**Dataset extract**:
*** Begin section ***
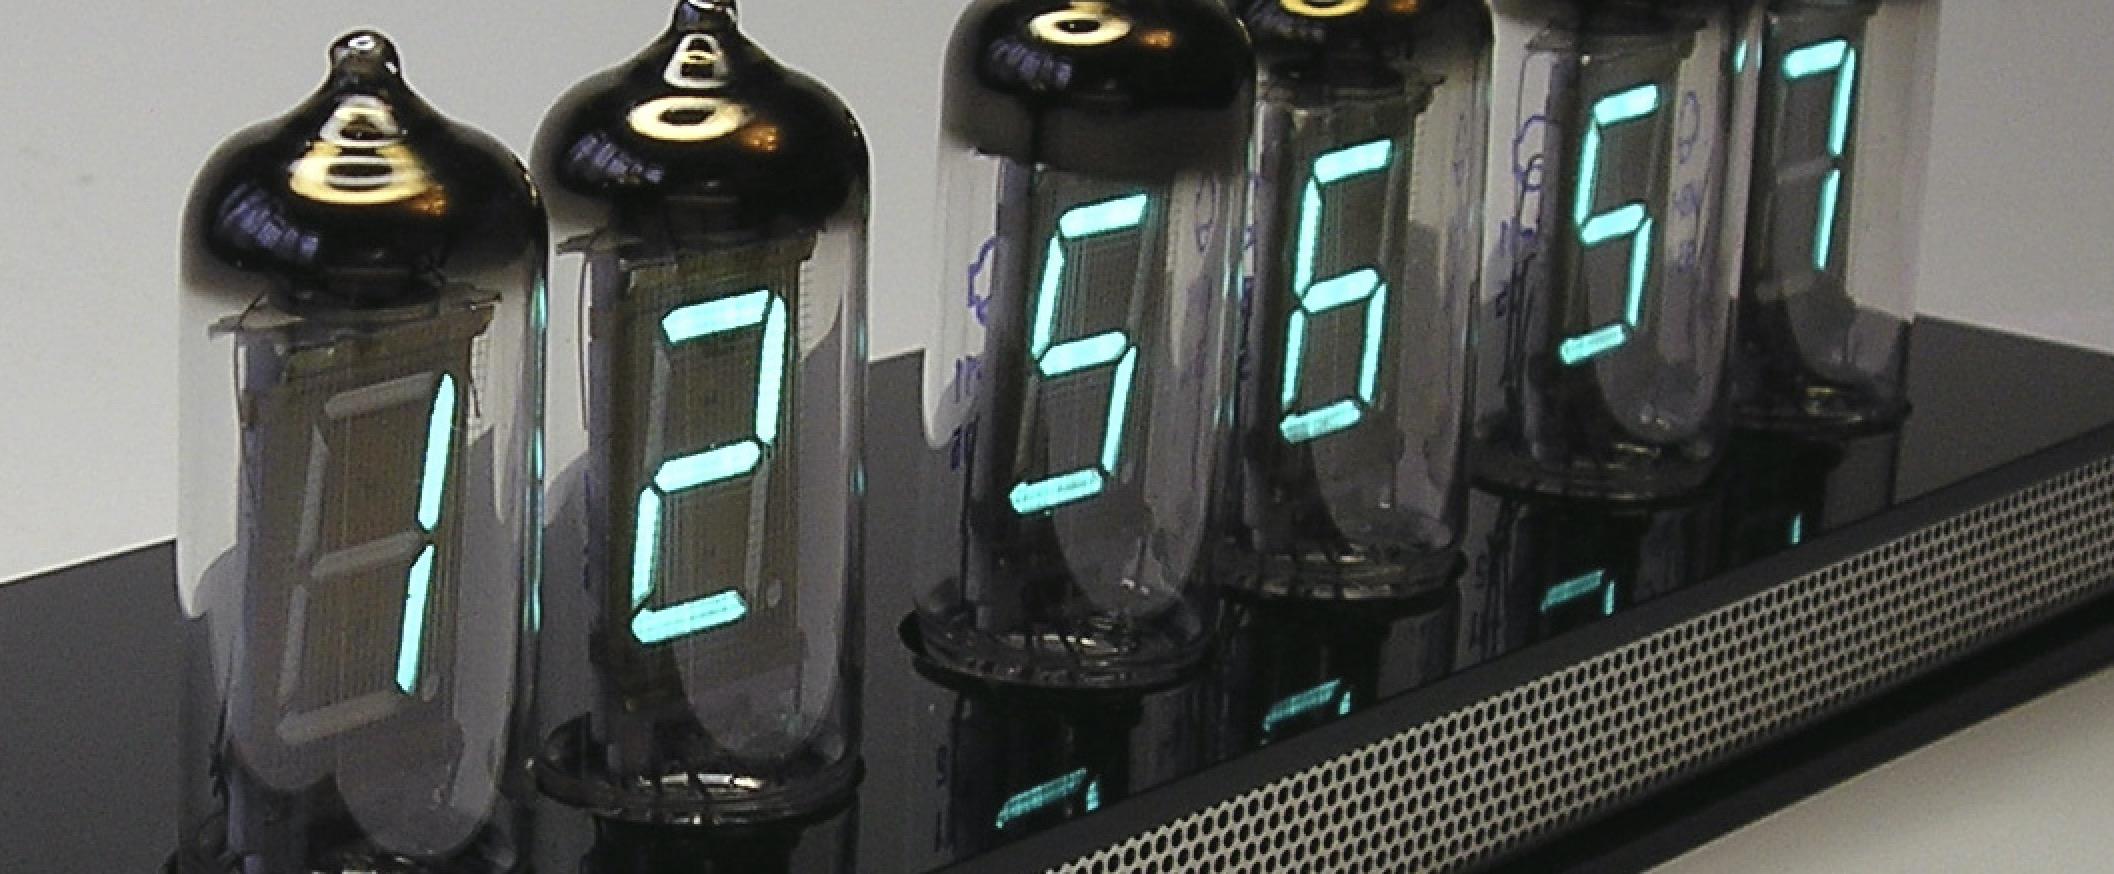 vfd clocks
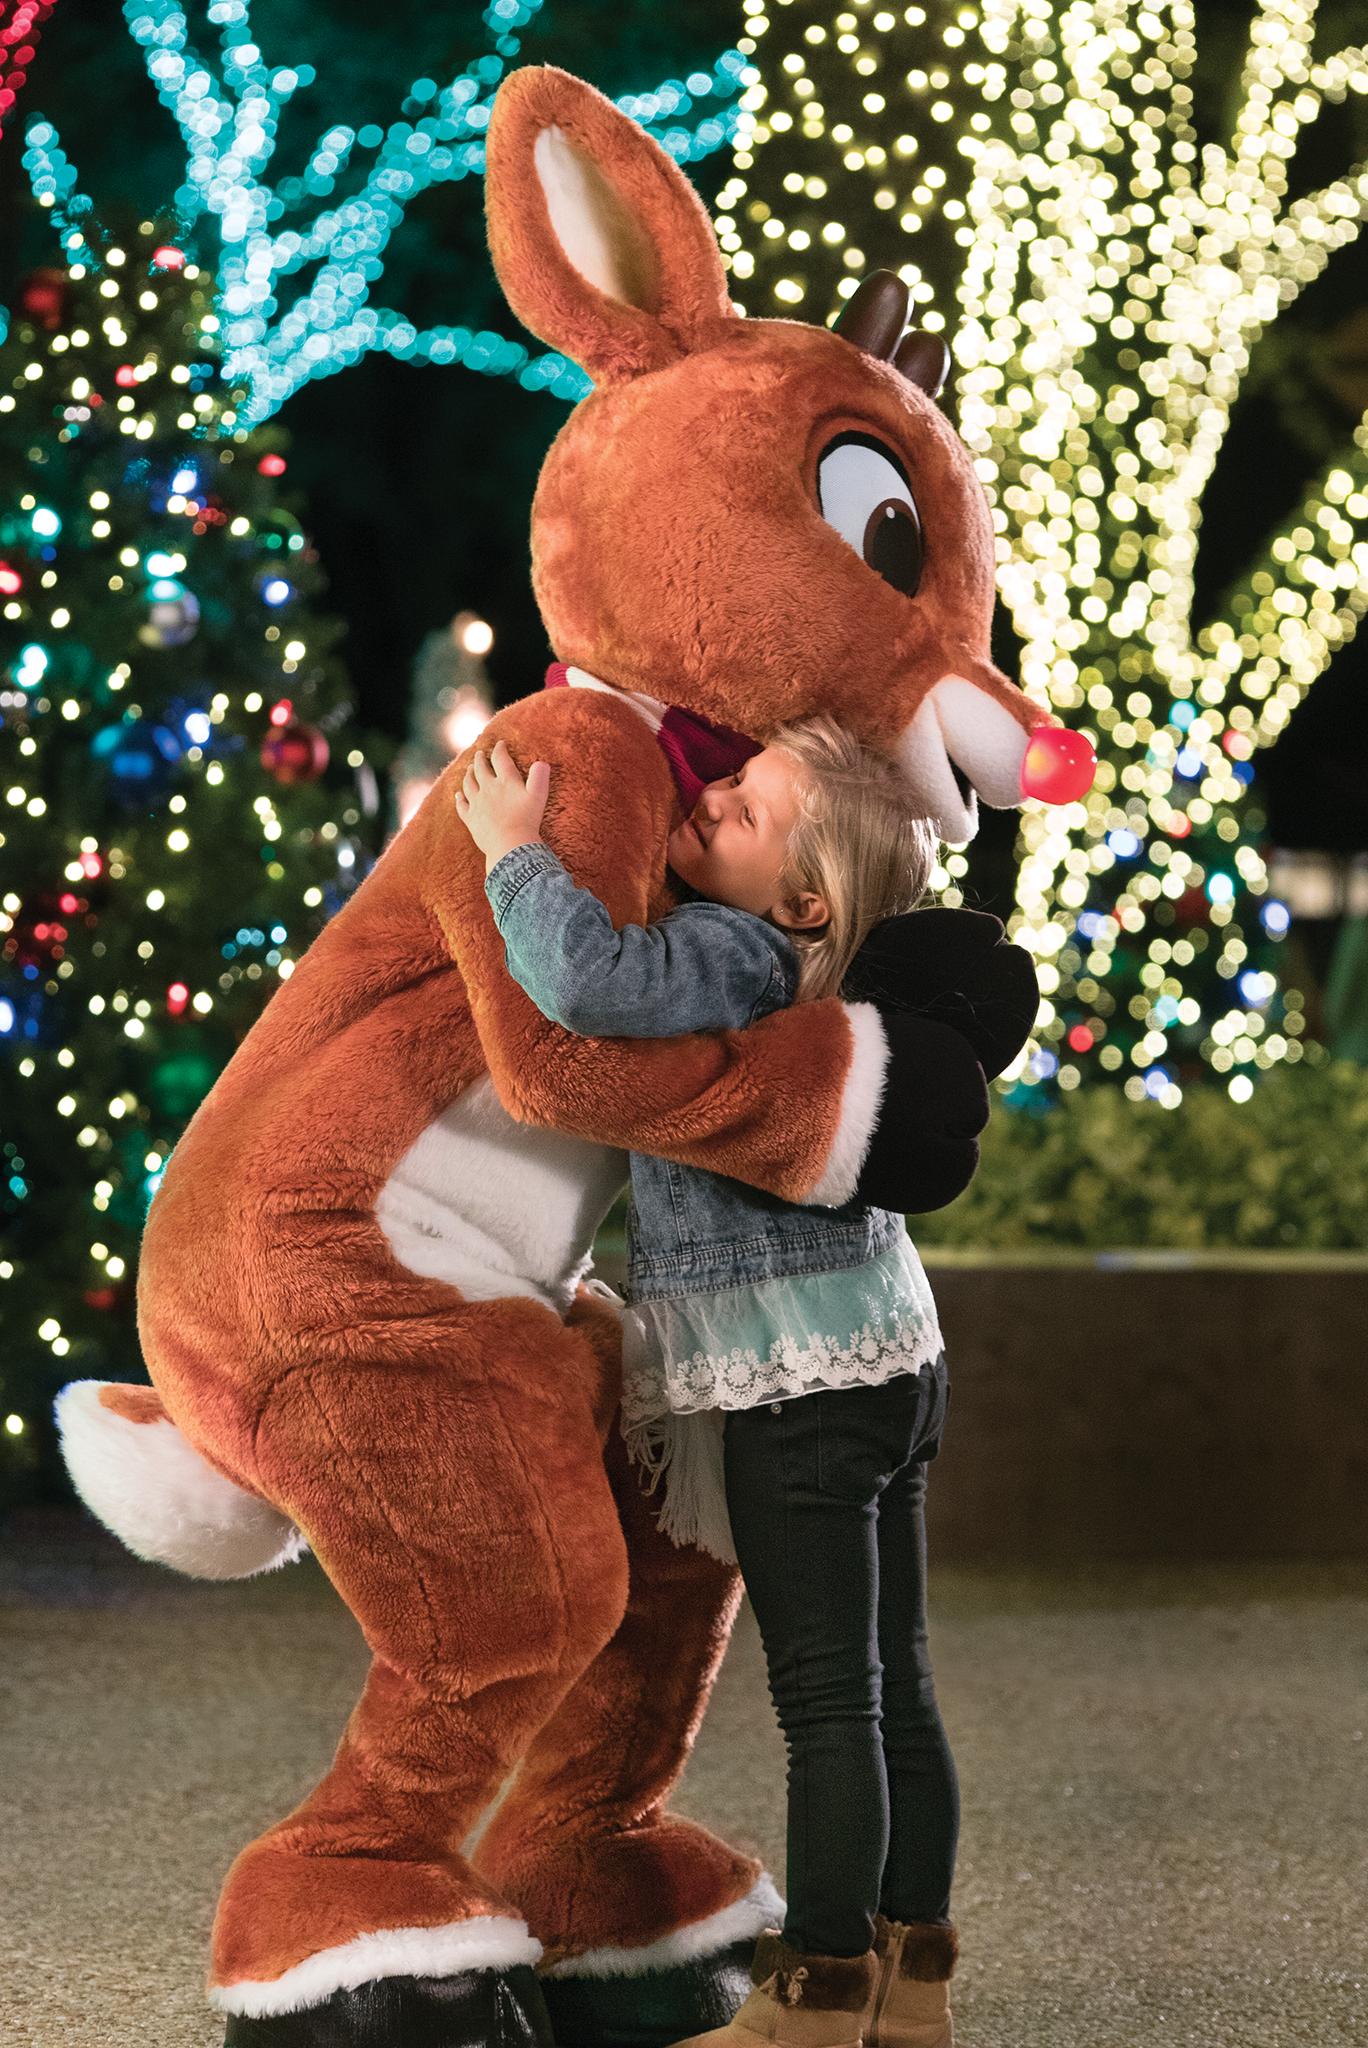 meet rudolph the rednosed reindeer at seaworld orlando's
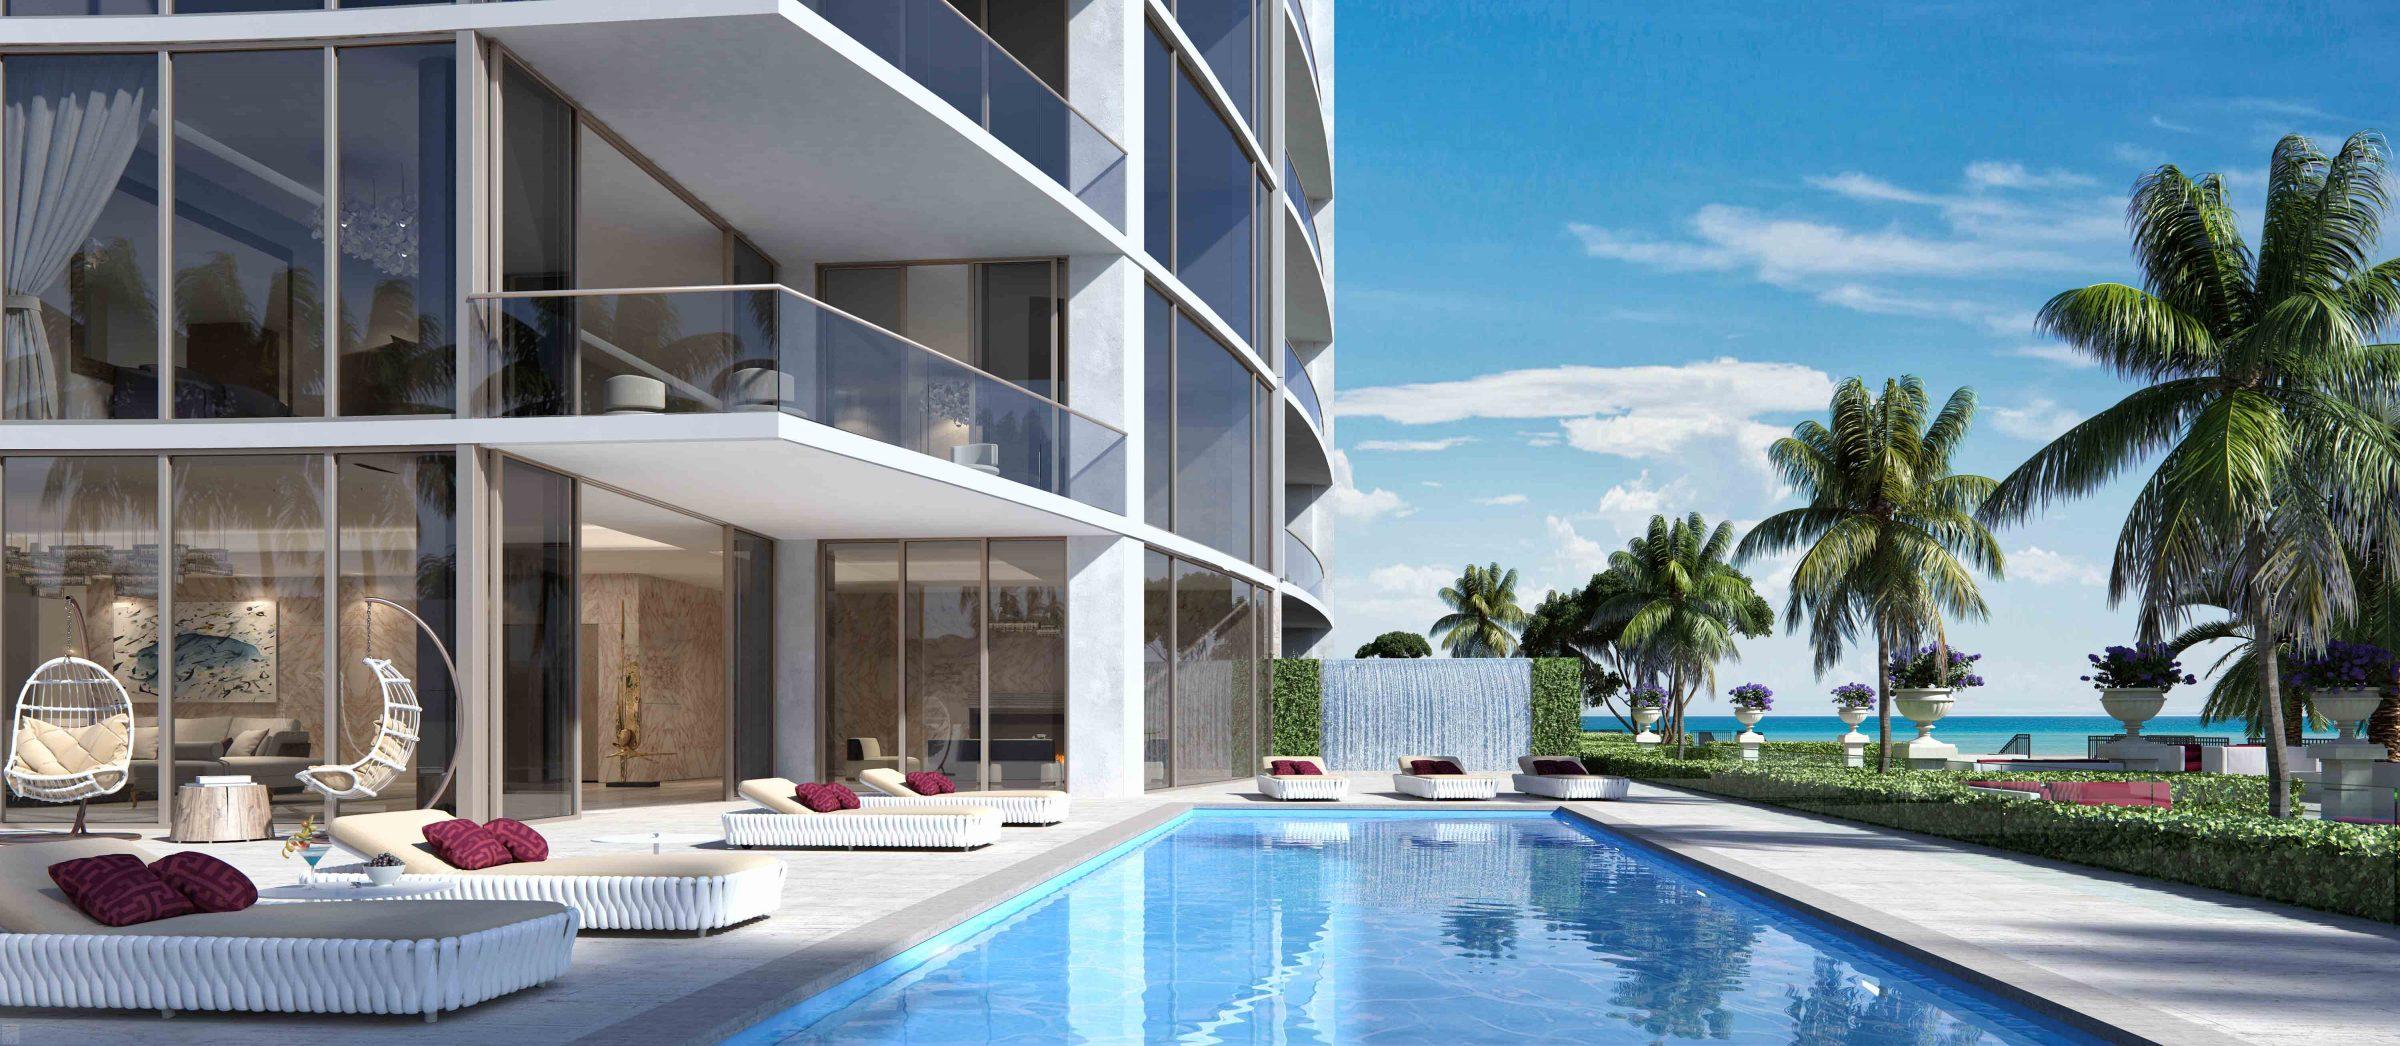 Casa-D-Oro-Pool-terrace-low-res-2400x1046.jpg
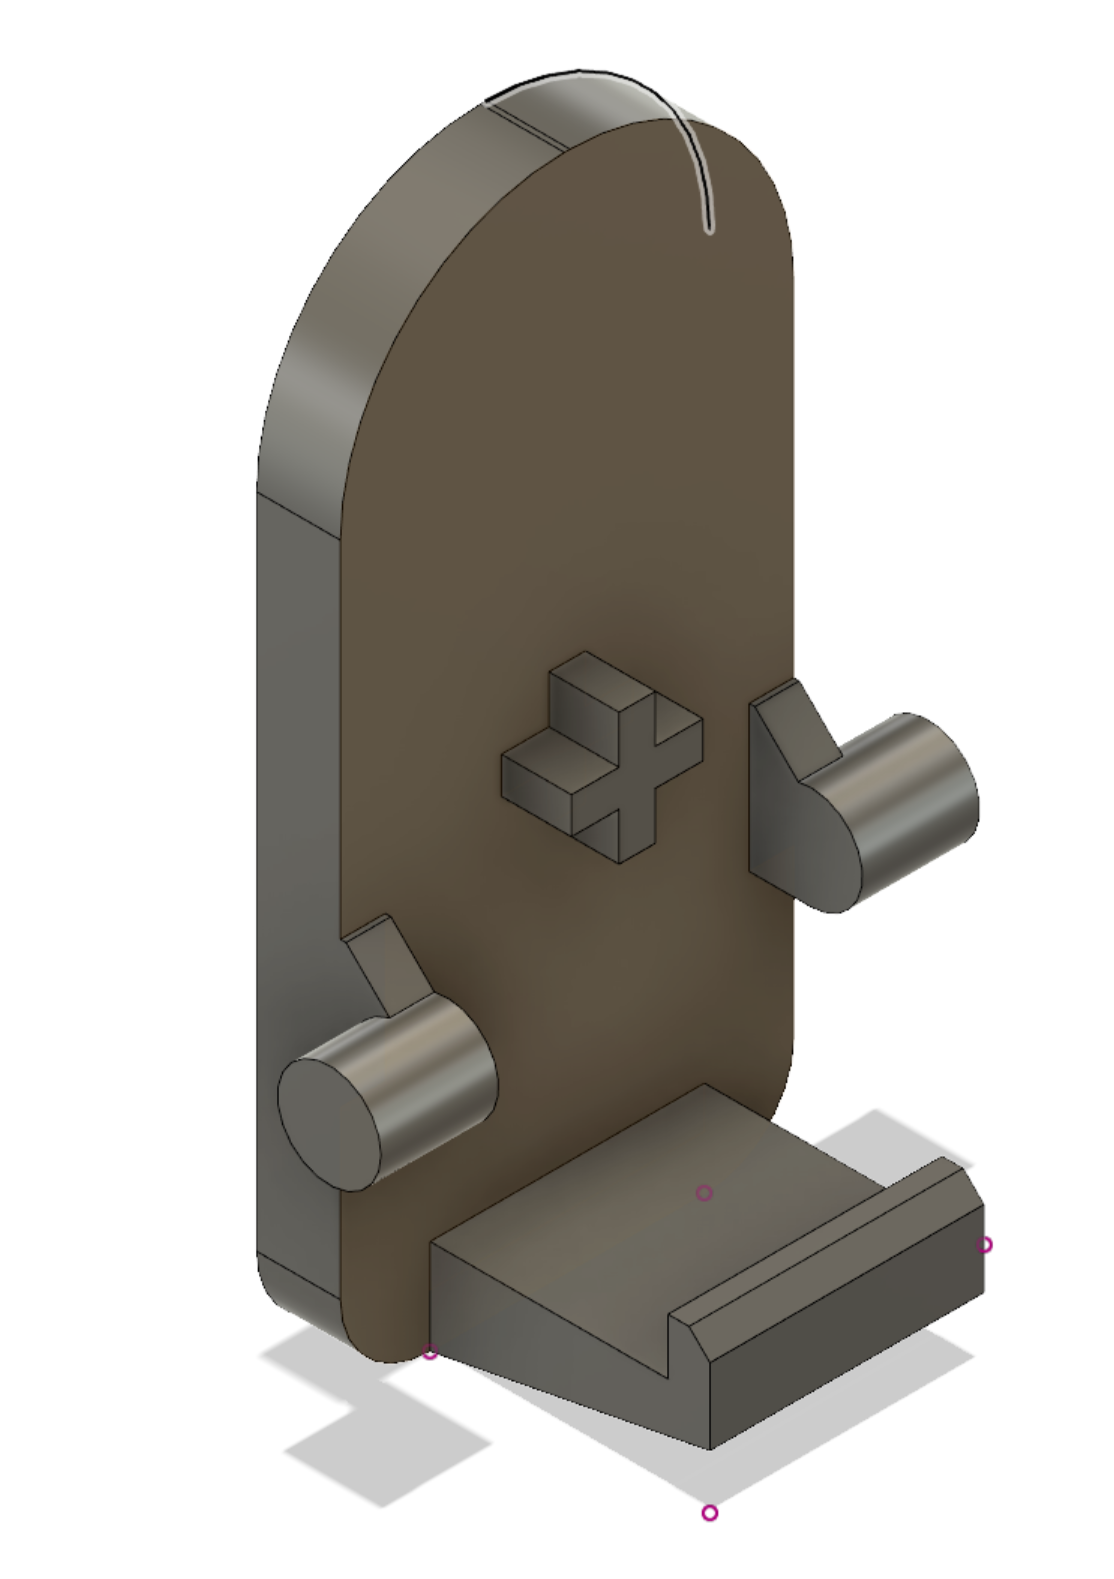 Hoover Quick stick vacuum bin clip
*** End section ***
Retype all of the listing above exactly, but keep its pictures out.

 vfd clocks
 meet rudolph the rednosed reindeer at seaworld orlando's
 Casa-D-Oro-Pool-terrace-low-res-2400x1046.jpg
 Hoover Quick stick vacuum bin clip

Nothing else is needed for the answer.